Дед выслушал расклад, повёл головой — коротко, удовлетворённо: видать, пришлось по нраву, что командир сразу, без лишних слов, определил каждому его место и не стал, как иные молодые, набивать себе цену перед стариком. «Добре, командир. По уму. Где скажешь — там и стану». И этим скупым «по уму» Дед, того не подозревая, сказал Воронину главное: что признал в нём командира — не по кубарям в петлицах, а по делу.
— Притрёмся, — согласился Дед и наконец-то закурил свою самокрутку, будто поставив этим точку.
Притёрлись быстро — на первом же учебном выходе.
Их погнали в подмосковный лес — отрабатывать то, ради чего и собирали: скрытное движение, выход к условному объекту, закладку, отход. Для Воронина это была азбука, для Гриди и Лыкова — пройденное кровью под Минском. А вот Деда Воронин проверял особо: новый человек в деле дороже золота, если хорош, и опаснее врага, если плох.
Дед оказался хорош.
Он не лез вперёд, не блистал, не суетился.
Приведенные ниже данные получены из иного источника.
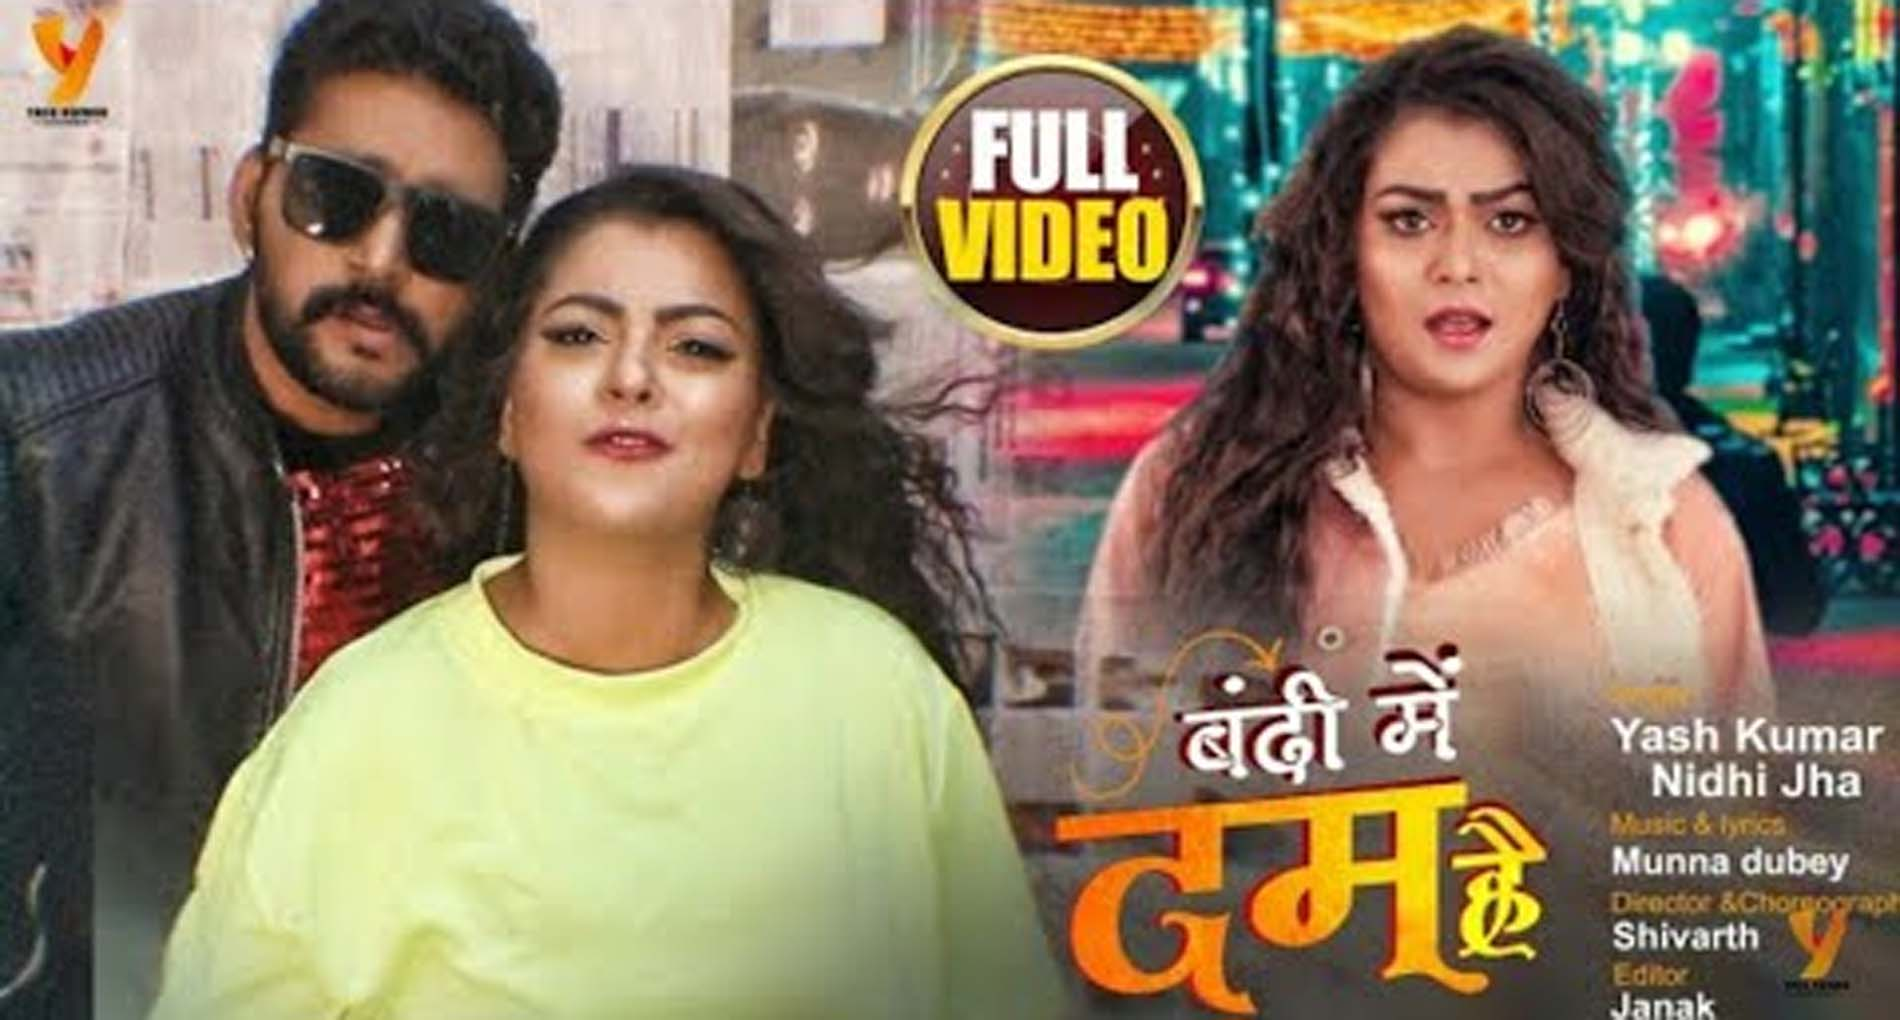 निधि झा के दमदार गाने 'बंदी में दम है' ने रिलीज के साथ ही मचाया धमाल! देखें वीडियो

Он просто шёл — тяжело, медленно с виду, а на деле бесшумно и точно, — и видел лес так, как видит его только тот, кто в лесу не гость, а свой. «Тут не ступай, хлопче, — ронял он Лыкову вполголоса, — тут низина, к утру роса, след оставишь». «А ось туточки, командир, добре б дневать — глухо, не сунутся». Он чуял местность нутром, звериным чутьём старого партизана, и это его чутьё легло в Воронинский расчёт так ладно, что они дополняли друг друга без слов: Воронин знал, что́ и зачем, Дед — где и как.
Шли налегке, учебно, но Воронин гонял группу всерьёз, как гонял бы перед настоящим делом, — потому что иначе не умел и потому что знал твёрдо: на учении сэкономишь пот — в бою заплатишь кровью. Лыков на ходу разворачивал и сворачивал рацию, добиваясь, чтобы выходило вслепую, на ощупь, за считанные секунды. Гридя колдовал над учебной закладкой, бормоча своё, заводское, и руки его, соскучившиеся по любимому делу, делали всё споро и красиво. Дед шёл головным, нащупывая тропу, и стариковское лесное чутьё ложилось на выверенный Воронинский расчёт так ладно, что они и тут сходились без единого слова. А сам он вёл — и впервые за всё это страшное время чувствовал не одинокую тяжесть знания, а простую, давно забытую командирскую радость: под рукой у него снова была не толпа, а инструмент — послушный, точный, живой.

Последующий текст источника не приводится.